Last week I introduced some of the basic definitions and parameters of fair trade products and cooperatives. Now I would like to discuss an important cultural aspect of the fair trade movement. In today’s economy many people are cutting back on “non-essential” items. What is non-essential becomes an interesting question in the world of fair trade. I know there are many things I can, and do, go without. However, one thing I continue to consider as “essential” is crafts produced from fair trade cooperatives. If you think about the impact a slowing economy has on our own lives, consider how dramatic the impact is on an already poverty ridden region. We may need to curb our entertainment or travel, turn down our heat, dine in, or hold off on a new computer; in other words, we cut back on luxuries. But for many people in the world, our basics would be luxuries: a slowing economy for us can mean the possibility of starvation and other dire consequences.
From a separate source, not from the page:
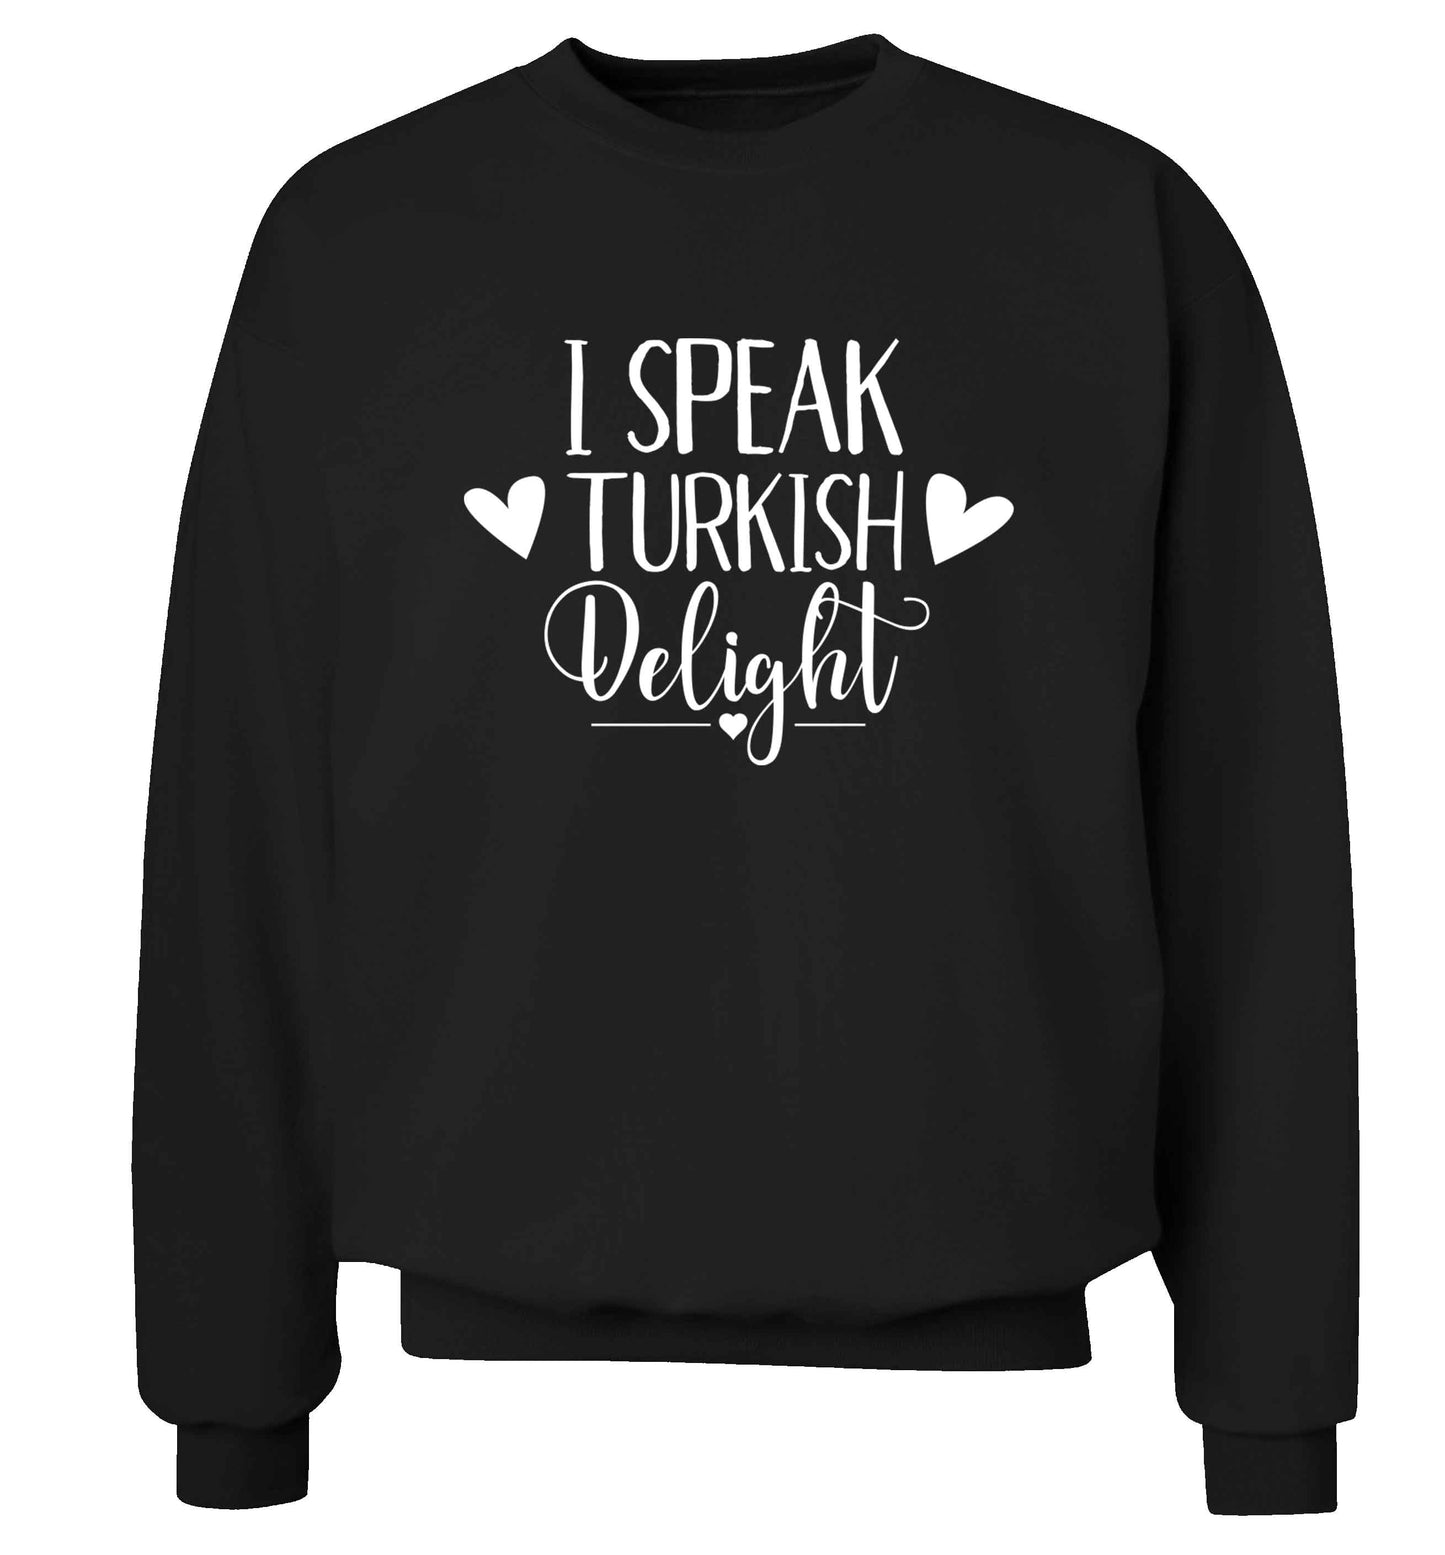 I speak turkish...delight Adult's unisex black Sweater 2XL

Thus, many people ask why fair trade cooperatives produce “non-essential” items in the first place. How will this ever be financially stable or viable? What we must remember is that, unlike Western Culture, traditional crafts play a vital social and practical role in many societies. We are used to factory production of our daily wares such as clothing and utensils while indigenously, the production of these items, as well as ritual baskets, masks, and other ceremonial objects, is sacred and integral to their cultural existence. Poverty causes people to forsake their traditional ways. If we do not act as a world community, time-honored traditions, knowledge, and skills, even entire cultures, can be lost forever.

Western influences continually permeate the globe: the world is becoming homogenized. If we do not consider the preservation of traditional arts and customs as “essential” then we all perish; we lose pieces of our world’s history, ancient parts of our own heritage, and an expanded sense of our selves in relation to a world culture.